Records to use:
★ ★ ★

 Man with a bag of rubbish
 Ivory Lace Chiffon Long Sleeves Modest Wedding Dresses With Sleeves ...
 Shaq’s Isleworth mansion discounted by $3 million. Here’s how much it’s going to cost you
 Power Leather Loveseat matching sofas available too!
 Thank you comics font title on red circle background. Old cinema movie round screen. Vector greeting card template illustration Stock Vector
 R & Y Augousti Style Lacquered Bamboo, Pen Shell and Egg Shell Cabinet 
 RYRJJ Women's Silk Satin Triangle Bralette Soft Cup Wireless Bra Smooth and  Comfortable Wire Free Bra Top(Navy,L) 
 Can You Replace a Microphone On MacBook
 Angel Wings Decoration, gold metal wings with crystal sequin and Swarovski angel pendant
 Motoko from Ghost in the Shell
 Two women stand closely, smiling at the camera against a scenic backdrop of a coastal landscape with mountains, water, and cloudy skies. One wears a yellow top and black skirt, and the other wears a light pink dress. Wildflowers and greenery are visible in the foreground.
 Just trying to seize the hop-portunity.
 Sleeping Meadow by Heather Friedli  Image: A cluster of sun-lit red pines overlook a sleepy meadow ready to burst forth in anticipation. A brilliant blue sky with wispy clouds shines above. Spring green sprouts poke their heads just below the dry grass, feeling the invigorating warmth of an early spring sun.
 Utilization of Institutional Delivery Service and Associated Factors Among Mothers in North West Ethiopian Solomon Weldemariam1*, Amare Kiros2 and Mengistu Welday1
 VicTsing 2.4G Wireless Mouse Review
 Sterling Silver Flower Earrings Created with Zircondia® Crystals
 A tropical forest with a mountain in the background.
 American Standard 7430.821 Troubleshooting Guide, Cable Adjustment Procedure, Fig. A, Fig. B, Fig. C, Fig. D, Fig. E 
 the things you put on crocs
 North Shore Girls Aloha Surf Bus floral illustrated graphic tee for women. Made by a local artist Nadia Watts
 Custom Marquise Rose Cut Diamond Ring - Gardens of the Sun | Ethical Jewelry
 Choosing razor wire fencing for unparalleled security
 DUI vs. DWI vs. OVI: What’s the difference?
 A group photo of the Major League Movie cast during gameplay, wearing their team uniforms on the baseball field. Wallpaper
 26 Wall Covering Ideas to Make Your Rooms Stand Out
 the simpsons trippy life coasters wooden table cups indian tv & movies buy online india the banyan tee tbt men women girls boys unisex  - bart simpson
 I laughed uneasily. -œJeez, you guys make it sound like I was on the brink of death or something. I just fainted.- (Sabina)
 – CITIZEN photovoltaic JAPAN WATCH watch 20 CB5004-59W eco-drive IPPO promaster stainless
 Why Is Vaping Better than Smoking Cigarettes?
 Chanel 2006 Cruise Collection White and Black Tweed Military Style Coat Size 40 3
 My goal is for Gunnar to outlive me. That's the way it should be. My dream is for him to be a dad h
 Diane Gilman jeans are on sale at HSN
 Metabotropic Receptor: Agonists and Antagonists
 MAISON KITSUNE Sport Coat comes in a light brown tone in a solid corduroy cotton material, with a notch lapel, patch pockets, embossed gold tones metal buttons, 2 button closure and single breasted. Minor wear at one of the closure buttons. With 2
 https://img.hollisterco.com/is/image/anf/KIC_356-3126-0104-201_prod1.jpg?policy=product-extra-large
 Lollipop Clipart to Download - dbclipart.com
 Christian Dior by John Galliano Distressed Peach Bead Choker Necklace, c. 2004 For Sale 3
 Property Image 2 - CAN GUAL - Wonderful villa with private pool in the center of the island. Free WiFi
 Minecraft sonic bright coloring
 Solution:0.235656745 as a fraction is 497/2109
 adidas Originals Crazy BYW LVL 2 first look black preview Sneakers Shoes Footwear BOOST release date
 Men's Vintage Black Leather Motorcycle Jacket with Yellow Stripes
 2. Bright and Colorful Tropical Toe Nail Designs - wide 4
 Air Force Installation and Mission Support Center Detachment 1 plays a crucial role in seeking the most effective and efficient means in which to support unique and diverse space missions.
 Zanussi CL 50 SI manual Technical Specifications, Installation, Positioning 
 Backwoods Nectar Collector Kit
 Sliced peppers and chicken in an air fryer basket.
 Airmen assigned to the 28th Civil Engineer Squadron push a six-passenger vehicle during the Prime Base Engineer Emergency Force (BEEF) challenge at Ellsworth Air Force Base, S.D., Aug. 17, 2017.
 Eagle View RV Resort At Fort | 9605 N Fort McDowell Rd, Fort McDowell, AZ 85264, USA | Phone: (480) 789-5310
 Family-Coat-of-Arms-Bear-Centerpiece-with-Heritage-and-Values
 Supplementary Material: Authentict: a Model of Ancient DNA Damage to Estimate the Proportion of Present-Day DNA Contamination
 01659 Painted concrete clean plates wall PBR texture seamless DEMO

★ ★ ★

What is expected: In the records above, each line with the string "Shell" should be copied.

Reply to the task:
 R & Y Augousti Style Lacquered Bamboo, Pen Shell and Egg Shell Cabinet 
 Motoko from Ghost in the Shell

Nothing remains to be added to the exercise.